Daily Development for Monday, October 18,
1999
By:
Patrick A. Randolph, Jr.
Professor of Law
UMKC School of Law
Of Counsel: Blackwell Sanders Peper Martin
Kansas City, Missouri
randolphp@umkc.edu
FRAUDULENT CONVEYANCES; REQUIREMENT OF FRAUDULENT
INTENT: In light of the fact that a defendant rarely, if ever admits to actual
intent, where statute requires a
showing of actual fraudulent intent, a court may infer such intent from the
facts.
Beal Bank, SSB v. Felix J. Pittorino, Etc.,
et al., No. 981029 (1st Cir. 1999).
Defendants, Felix Pittorino and Ralph P.
Amelia, as trustees of the Pigeon Hill Trust, guaranteed several loans, made to
Felix Pittorino, individually, which went unpaid. The bank made claims against Pittorion
individually and against the trust (through Pittorino and Amelia) as guarantor.
The court bifurcated the claim against Pittorino individually.
After judgment entered against Pittorino,
but prior to the commencement of trial against Amelia and Pittorino, Amelia
transferred the bulk of the Trust's assets to Pitt Construction and ALA Realty
Trust. Pittorino was the president, treasurer, and controlling shareholder of
Pitt Construction and Amelia was the sole trustee of ALA, while Amelia's wife
was the sole beneficiary. The trust then settled the case against it and a
judgment was entered against the trust for a little over $3 million. The
Trust's remaining assets were far below this amount.
The Bank alleged that the conveyances were
fraudulent and therefore voidable pursuant to M.G.L.c. 109A which states that a
conveyance made with actual intent to hinder, delay or defraud either present
or future creditors, is fraudulent. M.G.L.c.109A, §7.
Held: Pursuant to the Massachusetts Uniform
Fraudulent Conveyance Act, courts may infer fraudulent intent by considering
certain "badges of fraud" including (1) actual or threatened
litigation against a debtor; (2) purported transfer of all or substantially all
of a debtor's property; (3) insolvency or other unmanageable indebtedness on
the part of a debtor; (4) a special relationship between the debtor and
transferee; and, (5) retention by the debtor of the property involved in the
putative transfer. Comment 1: Note that this case was decided under the Uniform
Fraudulent Conveyance Act and not the more recent Uniform Fraudulent Transfer
Act. The court held that the Fraudulent Transfer Act, which Massachussets
adopted after the events described in this case, did not apply retroactively.

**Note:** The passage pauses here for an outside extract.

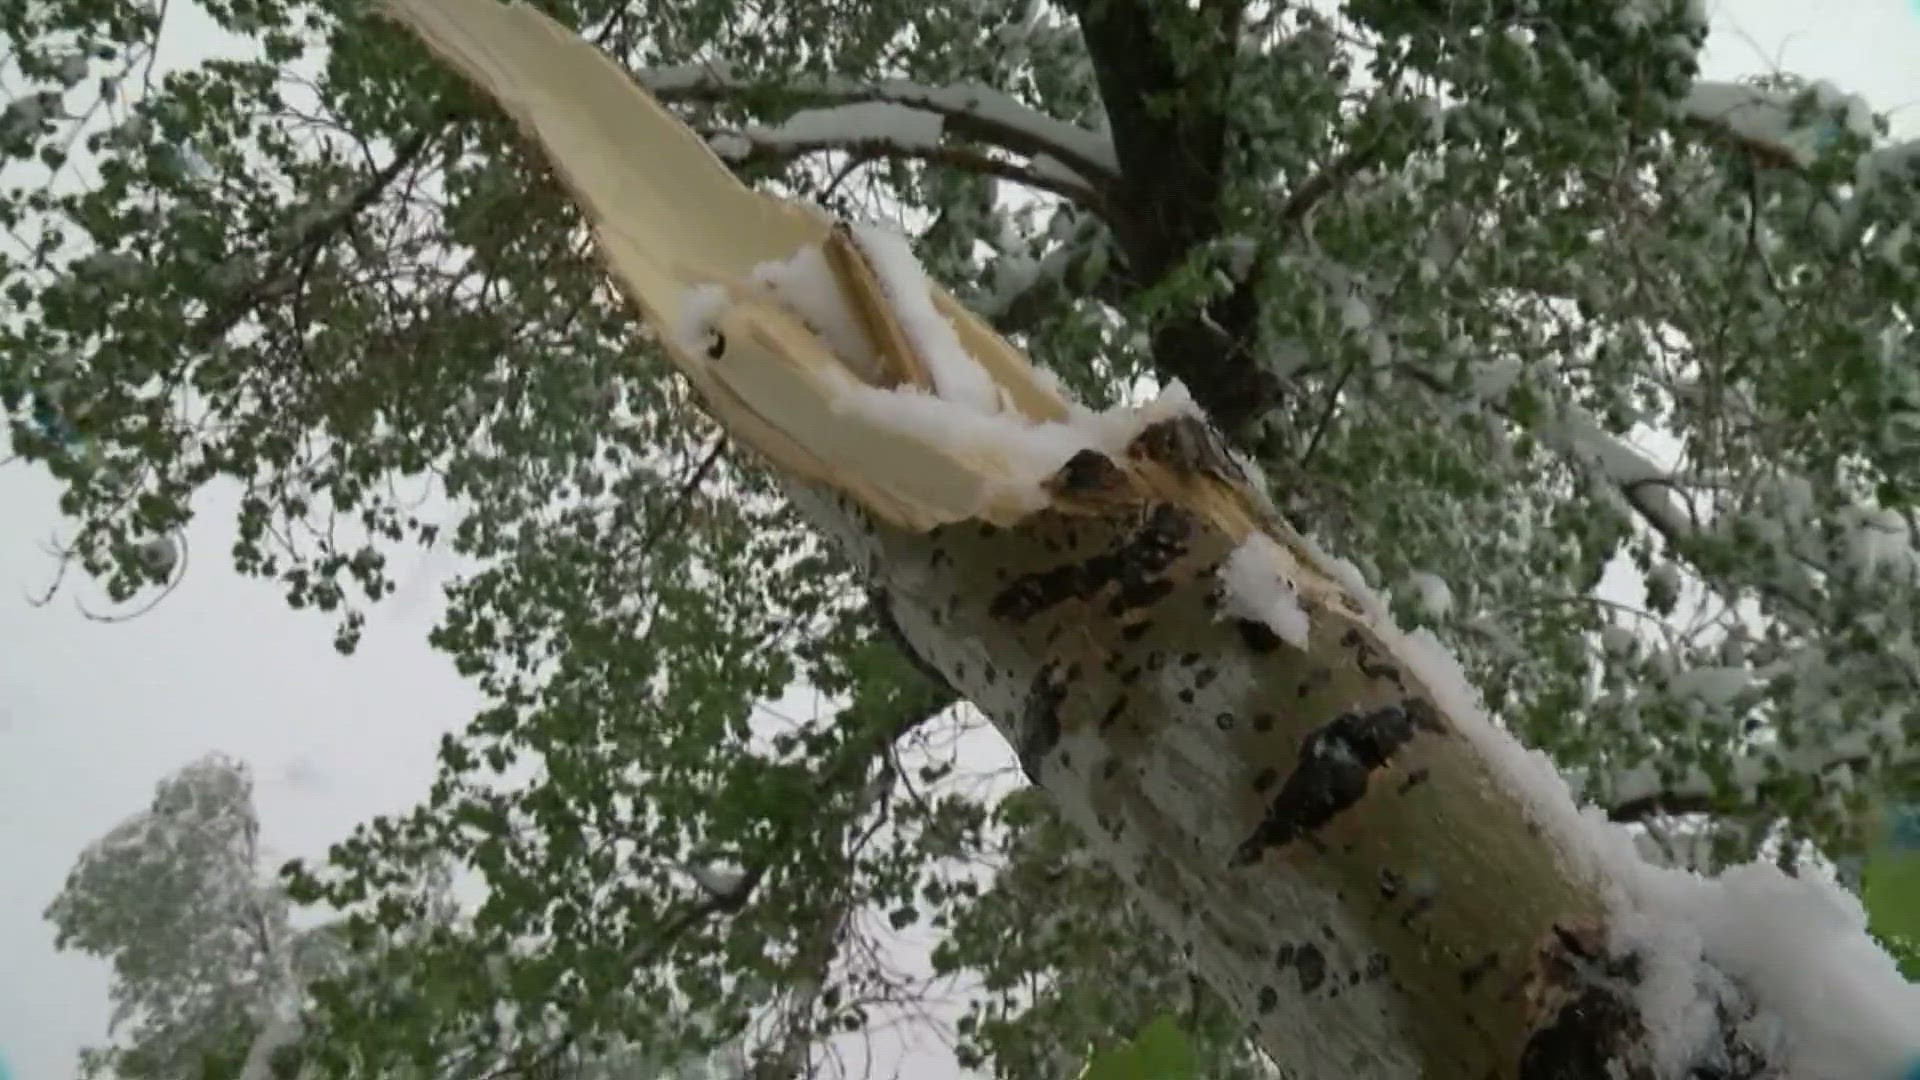 Arborist Jeff Erber gives tips on how to protect trees as Denver's first snow approaches.

Comment 2: A major defense raised by the
trust was a form of estoppel based upon the notion that the FDIC had earlier
determined not to pursue the guarantor and, relying upon that, the parties had
reordered their assets (this does not refer to the alleged fraudulent
conveyance that is the subject of the case.) The court invoked the now classic
D'Oench doctrine to disallow the estoppel claim when it appeared that there was
nothing in the FDIC files to support the alleged representation to the defendants
that the FDIC would not pursue the guarantors.